In their review of environmental risk factors from the perspective of timing in adult-onset MS, Mouhieddine et al suggest that vitamin D influences risk of developing MS, that EBV acts during adolescence or early adulthood, and that smoking increases a person’s susceptibility to MS.

Epstein-Barr Virus

An array of environmental risk factors for MS have been examined over the past century.  Of those, the Epstein-Barr virus (EBV), ultra-violet light exposure and vitamin D levels, and cigarette smoking have the clearest supporting evidence (Wingerchuk, 2011; Ascherio and Munger, 2016).

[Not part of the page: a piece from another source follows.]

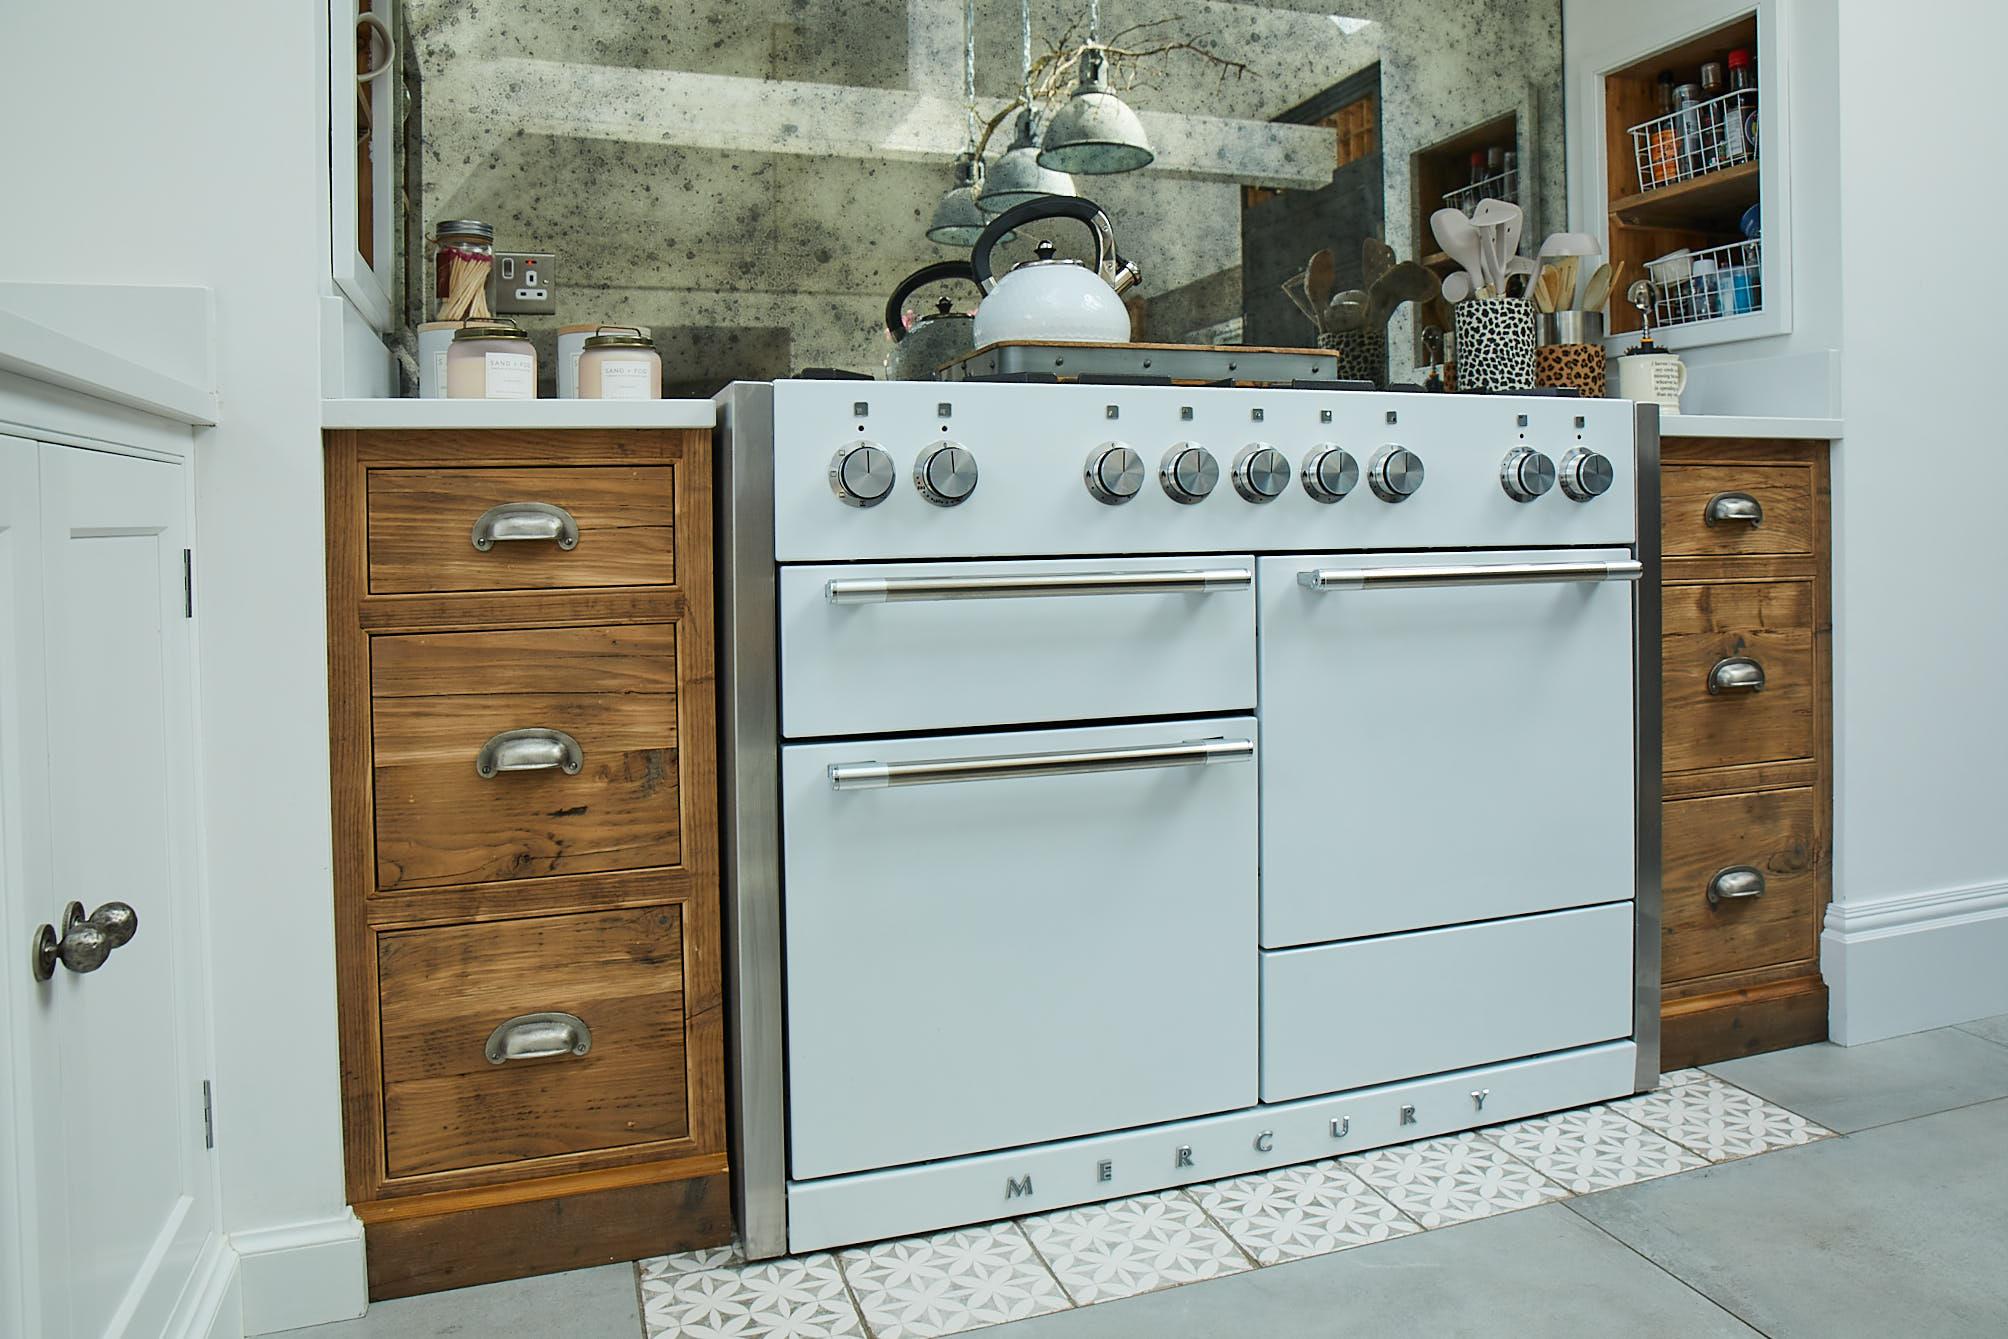 Rustic pan drawers beside white range cooker with antique mirror backsplash

Evidence pointing to a critical role for EBV includes:

  • A history of symptomatic infectious mononucleosis increases the MS risk more than twofold (Thacker et al, 2006).
  • Elevated serum antibody titers to EBV nuclear antigen 1(EBNA-1) precede the onset of MS (Ascherio et al, 2001) and are associated with MRI activity in established disease (Farrell et al, 2009).
  • EBV infection has been found to be a characteristic feature of the MS brain (Serafini et al, 2007)
The evidence concerning the relationship between MS and MBV isn’t conclusive, however. And these studies have been countered by other studies (Willis et al, 2009; Peferoen et al, 2010; Sargsyan et al, 2010). Read the argument in support of EBV being a requisite causative agent in the pathogenesis of MS; read the argument against EBV being a requisite causative agent in MS pathogenesis.

Vitamin D

An array of environmental risk factors for MS have been examined over the past century. Of those, the Epstein-Barr Virus, ultra-violet light exposure and vitamin D levels, and cigarette smoking have the clearest supporting evidence (Wingerchuk, 2011)

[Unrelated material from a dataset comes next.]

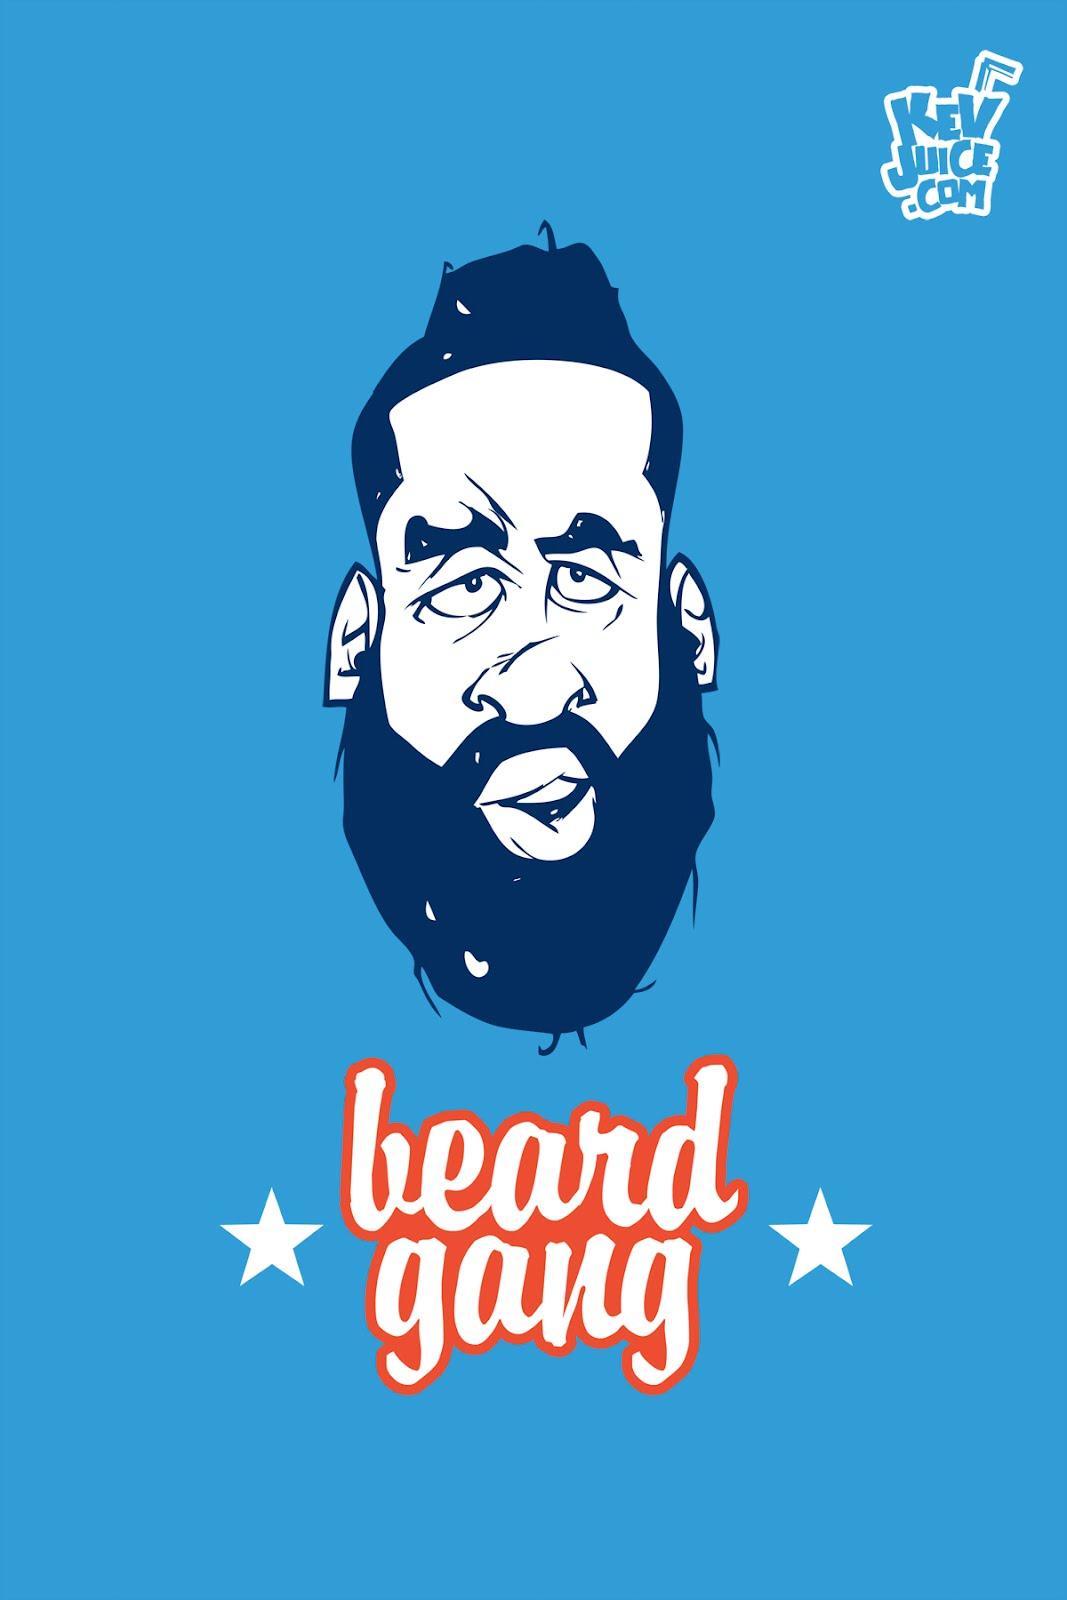 James harden fear the beard logo - photo#40

Evidence pointing to a critical role for vitamin D includes:

  • Low serum 1,25 (OH)2 correlates with an increased risk of developing MS (Michel, 2018).
  • The risk of developing MS appears to be lower in those with relatively high intakes or relatively high blood levels of vitamin D (Ascherio & Munger, 2016).
  • A pilot study (Allen et al, 2010) of the immunomodulatory effects of vitamin D in healthy individuals (n=4), who took 5000-10,000 IU/day of vitamin D over 15 weeks demonstrated a significant rise in serum 25(OH) vitamin D levels, with a corresponding increase in IL-10 production by peripheral blood mononuclear cells and a reduced frequency of Th17 cells..
  • In a one-year, double blind, randomized, placebo controlled study looking at the safety and efficacy of vitamin D3 as an add on therapy to interferon β-1b (IFNB), vitamin D3 reduced MRI disease activity (Soilu-Hӓnninen et al, 2012).
  • Results from the Betaferon/ Betaseron in Newly Emerging multiple sclerosis For Initial Treatment (BENEFIT) and the Betaferon/Betaseron Efficacy Yielding Outcomes of a New Dose in multiple sclerosis (BEYOND) studies suggest a benefit on clinical and MRI measures if patients are treated with both vitamin D and IFNβ-1b.